Long non-coding RNAs and complex diseases: from experimental results to computational models

Abstract

LncRNAs have attracted lots of attentions from researchers worldwide in recent decades. With the rapid advances in both experimental technology and computational prediction algorithm, thousands of lncRNA have been identified in eukaryotic organisms ranging from nematodes to humans in the past few years. More and more research evidences have indicated that lncRNAs are involved in almost the whole life cycle of cells through different mechanisms and play important roles in many critical biological processes. Therefore, it is not surprising that the mutations and dysregulations of lncRNAs would contribute to the development of various human complex diseases.
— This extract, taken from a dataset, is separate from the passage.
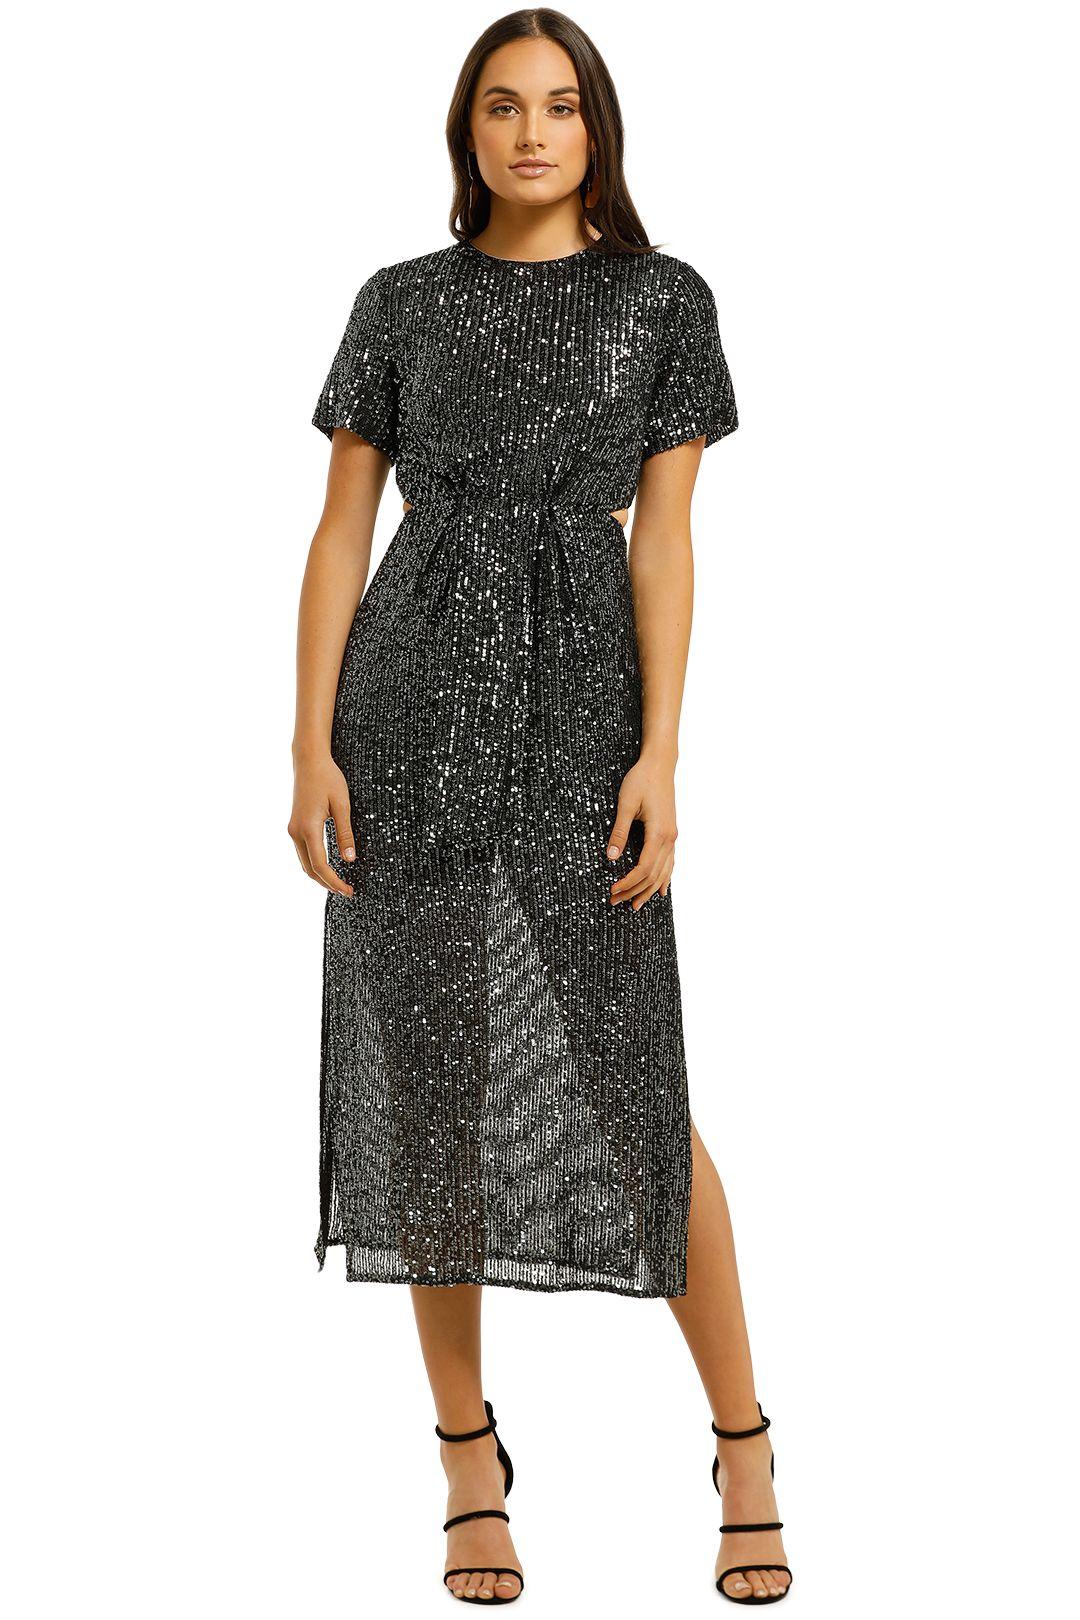 CMEO-Collective-Lustre-Midi-Dress-Black-Sequin-Front

In this review, we first made a brief introduction about the functions of lncRNAs, five important lncRNA-related diseases, five critical disease-related lncRNAs and some important publicly available lncRNA-related databases about sequence, expression, function, etc. Nowadays, only a limited number of lncRNAs have been experimentally reported to be related to human diseases. Therefore, analyzing available lncRNA-disease associations and predicting potential human lncRNA-disease associations have become important tasks of bioinformatics, which would benefit human complex diseases mechanism understanding at lncRNA level, disease biomarker detection and disease diagnosis, treatment, prognosis and prevention. Furthermore, we introduced some state-of-the-art computational models, which could be effectively used to identify disease-related lncRNAs on a large scale and select the most promising disease-related lncRNAs for experimental validation. We also analyzed the limitations of these models and discussed the future directions of developing computational models for lncRNA research.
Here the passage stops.